Anyone have line on some good 'quality' ash or oak stain grade 3/4 plywood on the east side of Houston? Closer to Anahuac, the better. HomeDepot's wood is no bueno along with Lowes.
appreciate it..gb


----------



## Gottagofishin (Dec 17, 2005)

Do you have a McCoy's nearby? The one in Bastrop has a pretty good selection of stain grade plywood.


----------



## 3192 (Dec 30, 2004)

hmmmmmmmmmmmmm......there is one at Pasadena. Worth a shot. thanks


----------



## MT Stringer (May 21, 2004)

If necessary, you can always go to Clark's Hardwoods in the Heights. they have several choices all better than Lowes or Home Depot.


----------



## mr bill (Apr 1, 2006)

http://www.hilllumber.com/

Mont Belview, tx


----------



## 3192 (Dec 30, 2004)

Hill's is down the road from us.....never been there, but have heard good things.

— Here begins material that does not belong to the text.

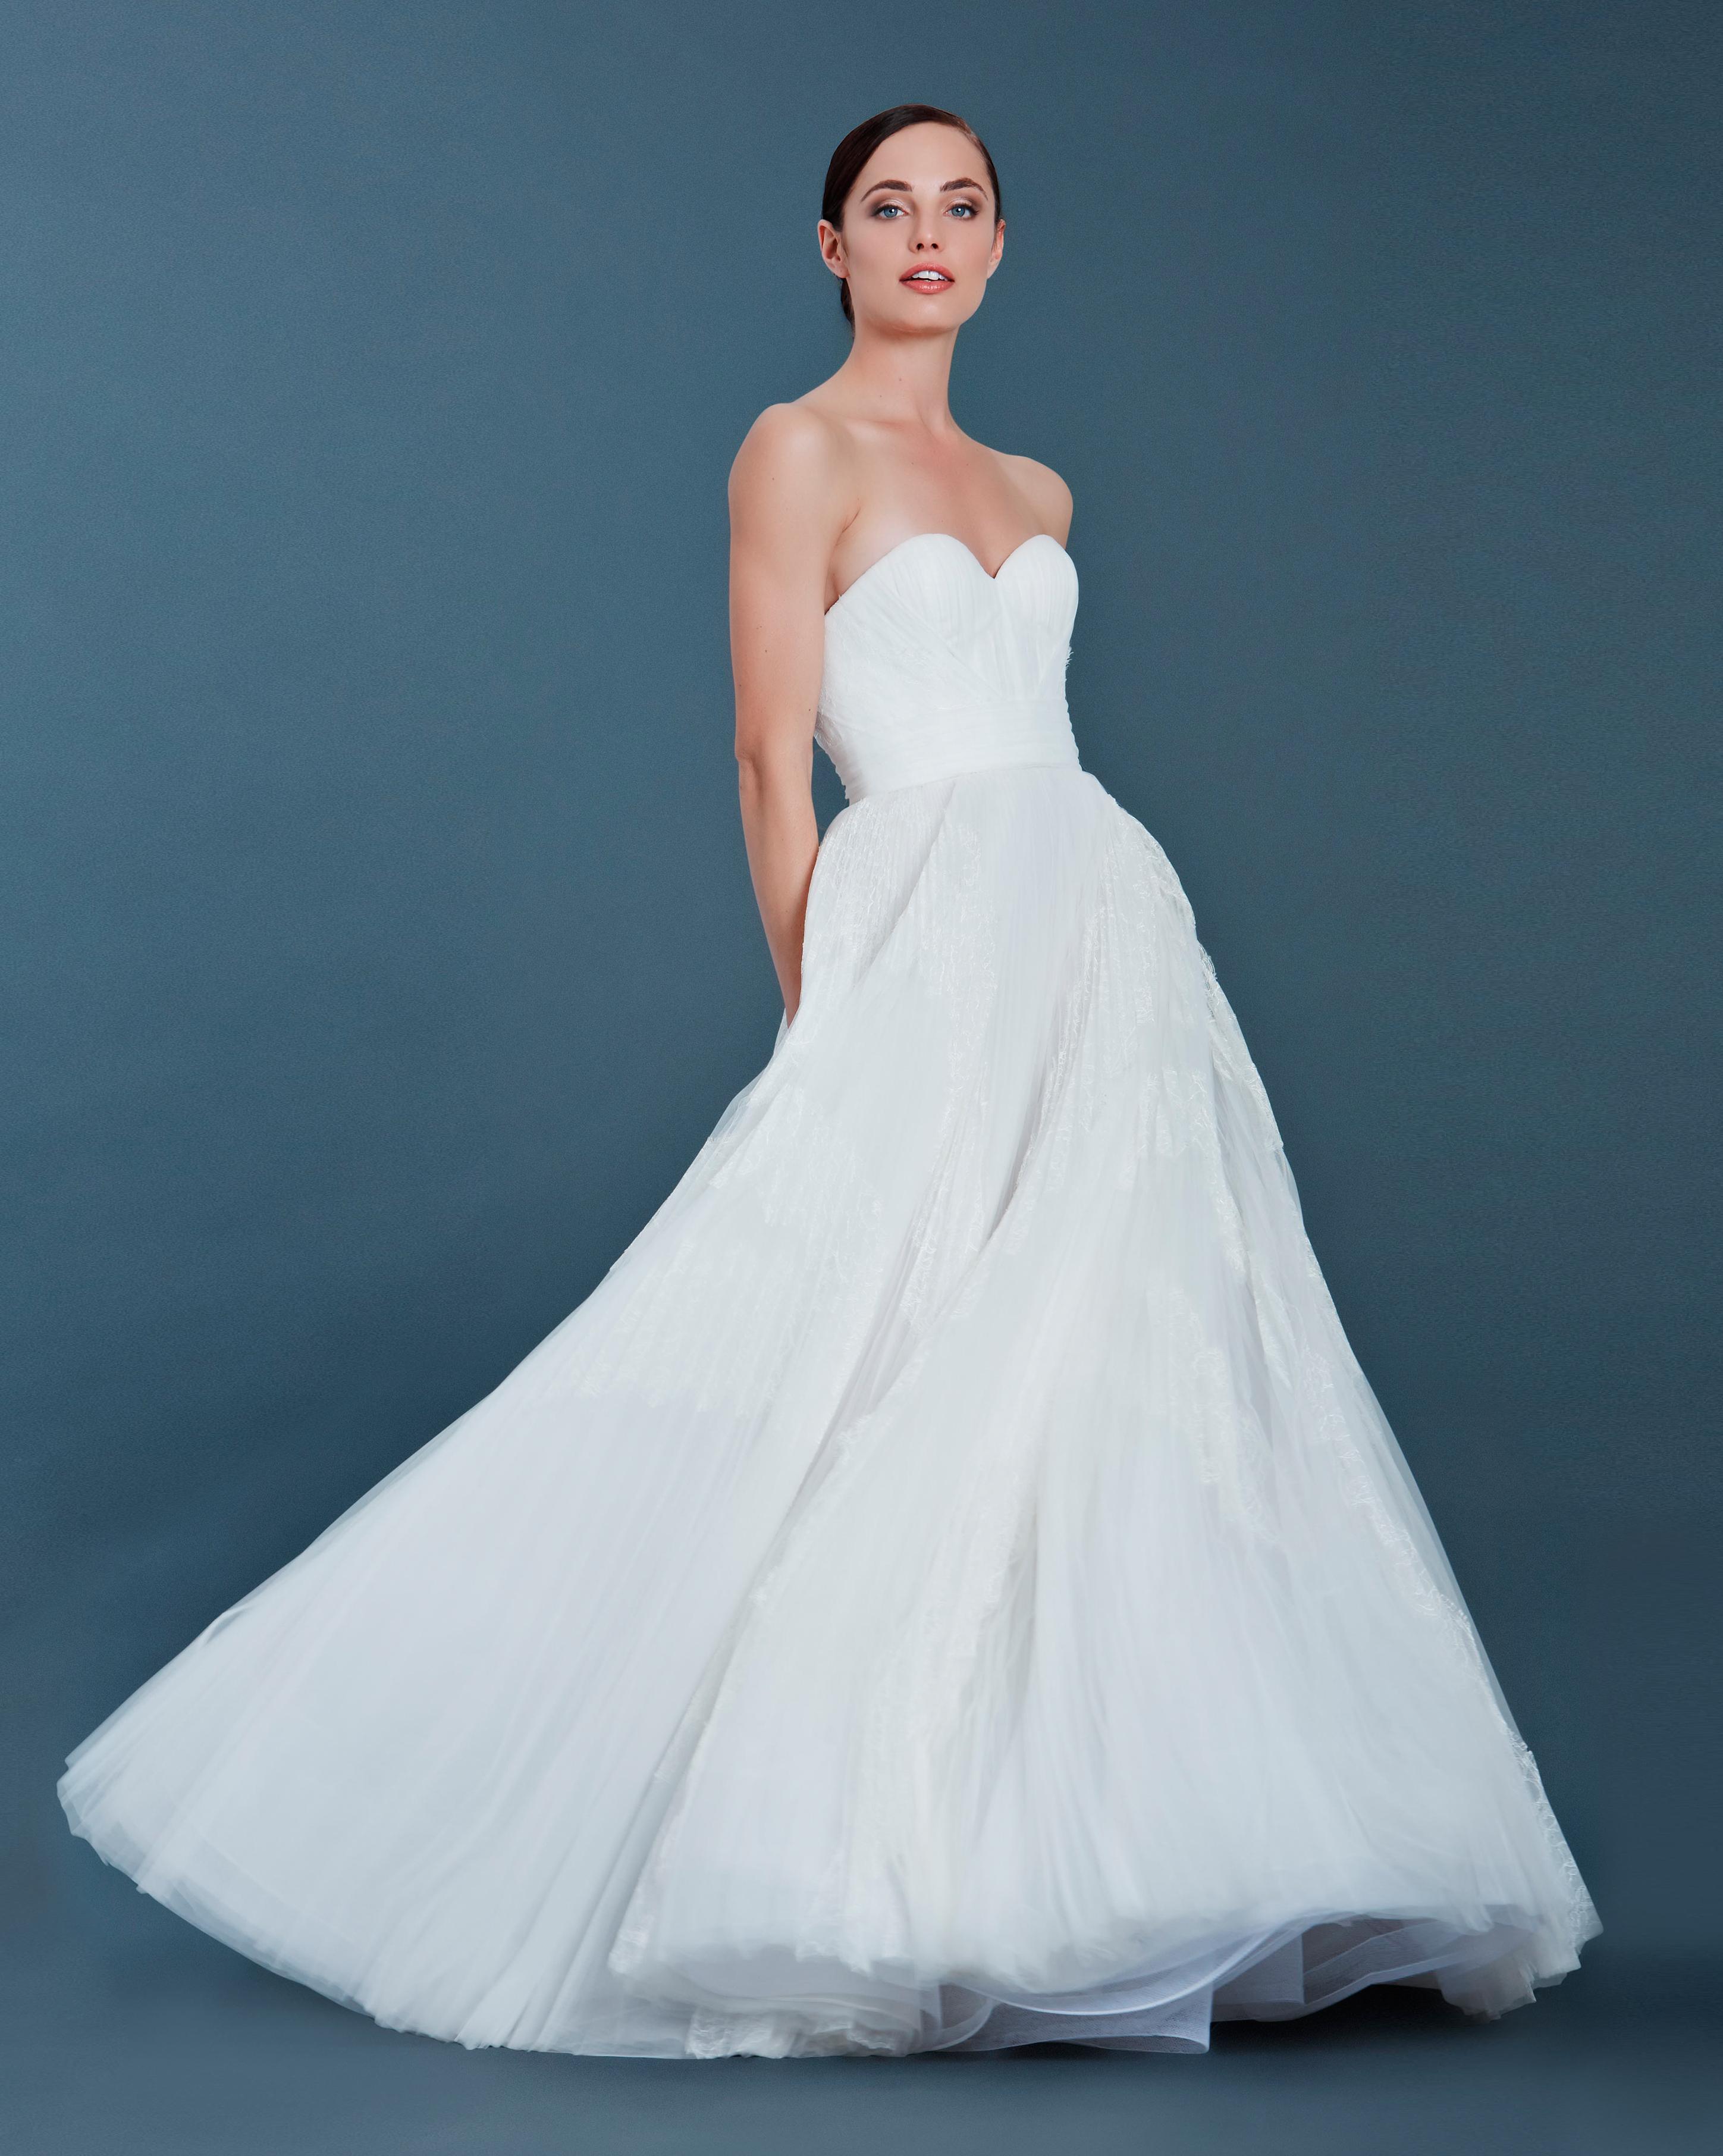 jmendel-fall2016-wedding-dress-12-penelope.jpg
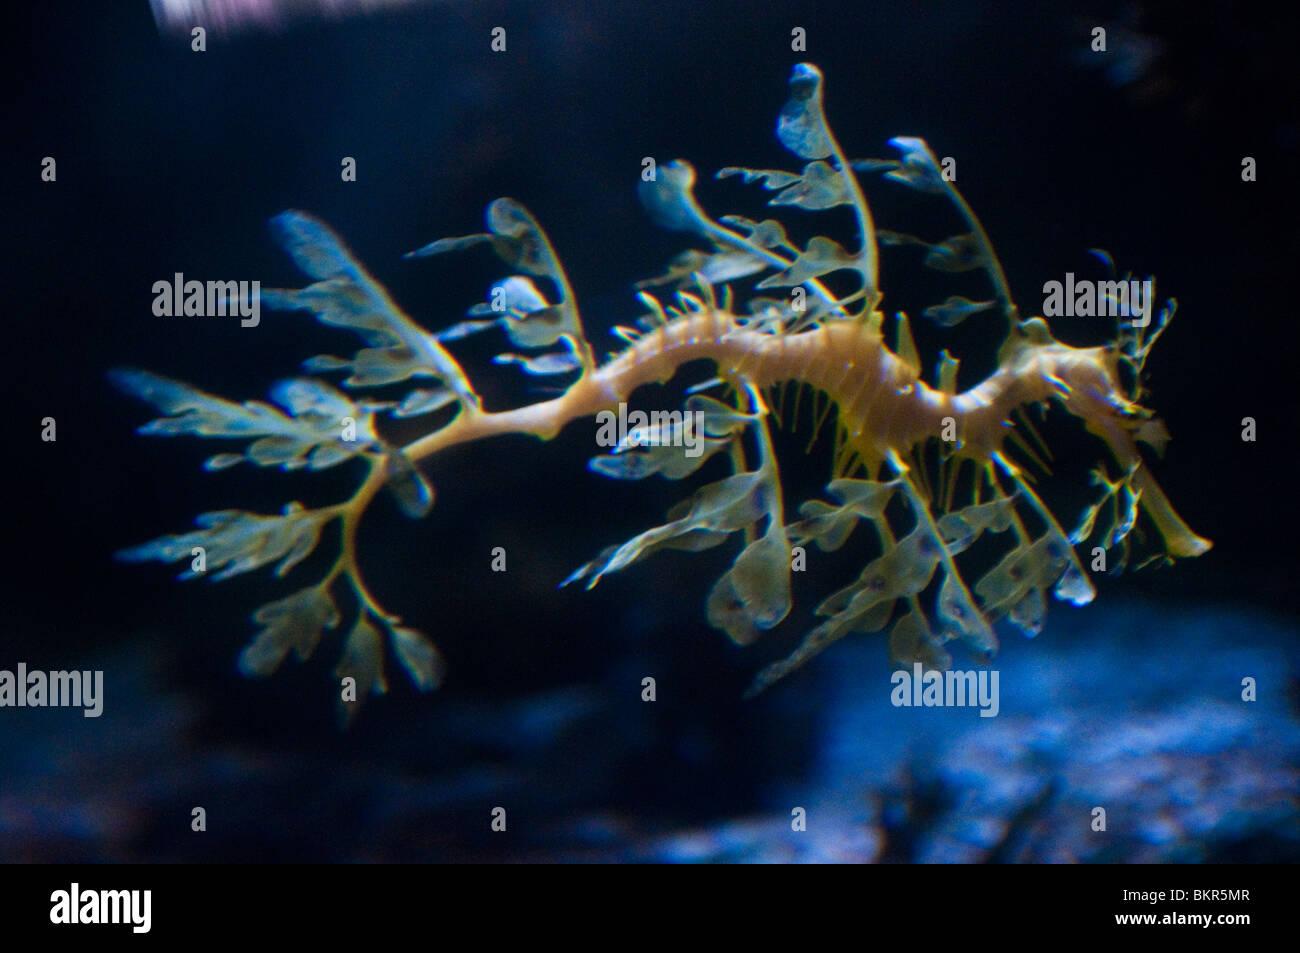 Leafy Sea Dragon, Phycodurus eques, Sydney Aquarium, Sydney, Australia - Stock Image

I'll give them a call this a.m. Thanks everyone. gb


----------



## roninrus1 (May 27, 2004)

*Clark's*

I second Clarks.
They have about any kind of wood you want.
Ain't cheap but awesome place!!!



MT Stringer said:


> If necessary, you can always go to Clark's Hardwoods in the Heights. they have several choices all better than Lowes or Home Depot.


----------



## gator409 (Sep 15, 2004)

theres also a mccoys in old part of baytown also.


----------



## trout250 (Aug 24, 2005)

clarks will have either red or white oak in stain grade also prpbably have it in lumber core if you need it
talk to steve cranford 713-862-6628
good luck
ps.
they are off of 6th st, exit sawyer / taylor off I10 west turn right go to usener turn left it will take you to white oak turn right on white oak and follow it around turns to 6th at studewood , 3 blks turn left on frasier clarks is at the end of street.


----------